Вечером поехали в джазовый клуб «Редута». Это клуб с традициями — все знаменитости — Эллингтон, Армстронг, Каунт Бейси там выступали, даже Клинтон дудел на своем саксофоне. На креслах дощечки — здесь сидел Хаммершельд, здесь — Киссинджер, здесь — Грейс Келли с мужем… Вадик мечтал о своем кумире — Ружичке, но, увы, выяснилось, что он выступал в апреле, а сейчас в Америке. Купили билеты, взяли в баре пиво, уселись. Замечательный профессиональный чешский джаз, традиционный (учитывая публику — пожилые американцы и немцы, подпевали, притопывали, мы были в своей атмосфере). Горечь от неувиденных шедевров рассосалась.
22 мая.
День посвящен Кафке.
Технически этот маршрут очень удобен для туриста — оказывается, вся его короткая жизнь строилась вокруг Староместской намести — площади, в самом центре Праги, в ее сердце.

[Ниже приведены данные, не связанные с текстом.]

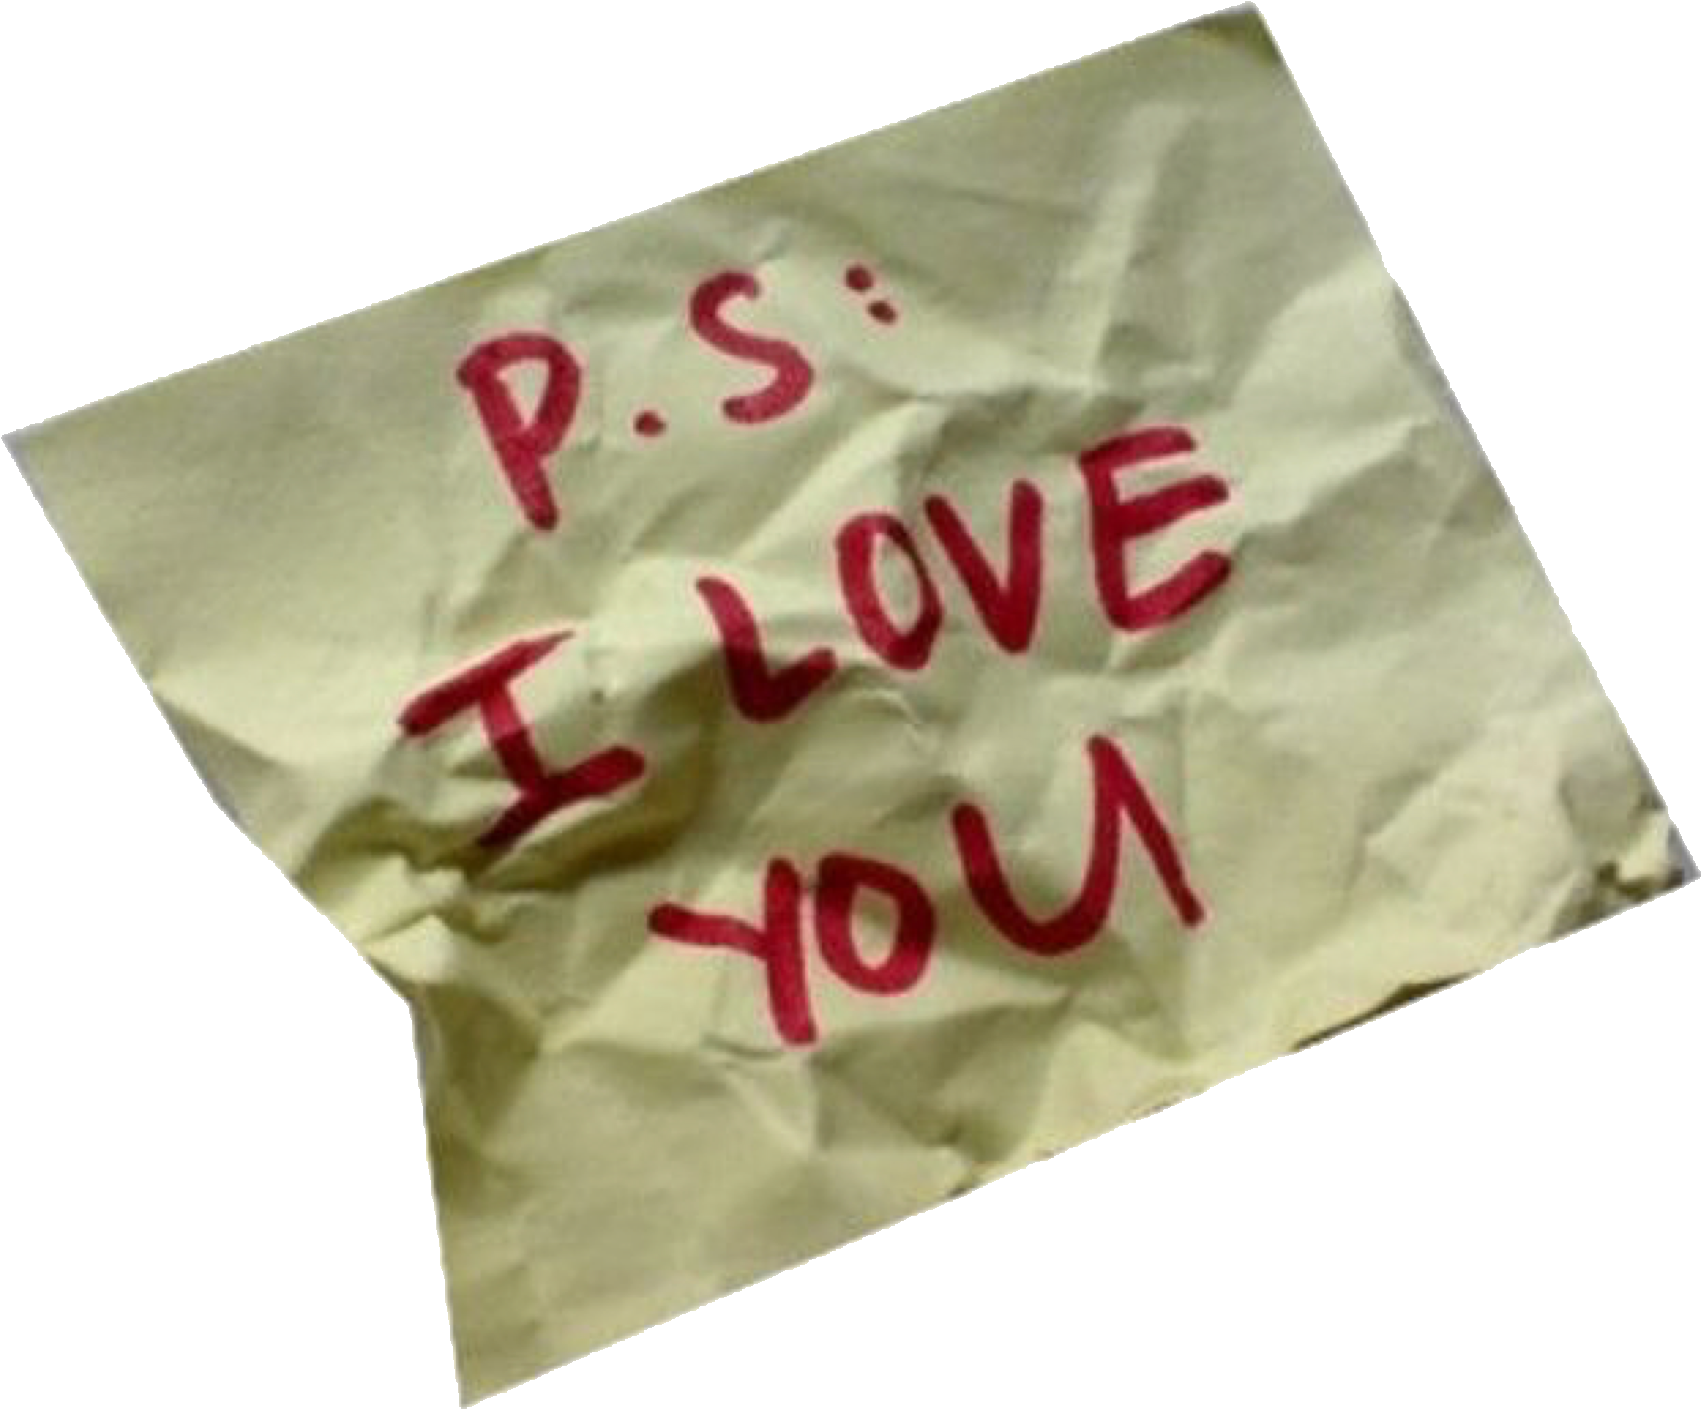 A Yellow Piece Of Paper With Red Writing On It

Он и родился на улице неподалеку, потом жил на самой площади, ходил в немецкую школу рядом с костелом Богоматери у Тына (?), в двух шагах от площади, потом снимал квартиру в «Доме трех королей», окна которой тоже выходили на этот костел. Всюду на этих домах прибиты доски. На этой же площади и его отец держал свой галантерейный магазин. Его любимое кафе «Савой», где он встречался с Максом Бродом, Эйнштейном, Миленой — минутах в пяти ходьбы по улице Длуха (Духа, что ли?).
Но эмоционально, когда пытаешься совместить фигуру Кафки, его измученное лицо, трагические глаза, пусть даже модный, но такой «грегоровский» котелок, и улицы, по которым он ходил всю жизнь, — получаешь шок. Это самая лучезарная, веселая, нарядная ратушная площадь изо всех старинных площадей Европы, которые мы повидали. В ней что-то от народной сказки — от рождественского пирога: розовый, бежевый, даже салатовый колорит, пузатые наличники, круглые купола собора. И даже знаменитые часы на ратуше, которые могли бы вогнать в мизантропию горожанина со своей Смертью, вылезающей на свет божий каждый час, проходом апостолов, песочными часами в руках скелета, как-то очень ловко преображаются в кукольный театр: под колоколенками открываются ставни, и в нишах показывают кукольные пантомимы. В одной франт смотрится в зеркало, пудрится, в другой — скряга считает деньги, турок какой-то курит… не все видно, но идея, по-моему, ясна. И вот в таком «городке в табакерке» жил К…
Вероятно, Genius Loci — истина довольно сомнительная, а может, исключения только подтверждают правила.
Прошлись по Парижской улице, где элегантные отели, рестораны, посольства. А ведь на углу ее, в мансарде пятиэтажного дома, ползал по полу и грыз гнилые яблоки Грегор Замза. В 1914 году.
Вечером пошли в казино. Вадик проиграл двести долларов. Но бесплатно угощали яблоками и соками.
23 мая.
Еврейский квартал.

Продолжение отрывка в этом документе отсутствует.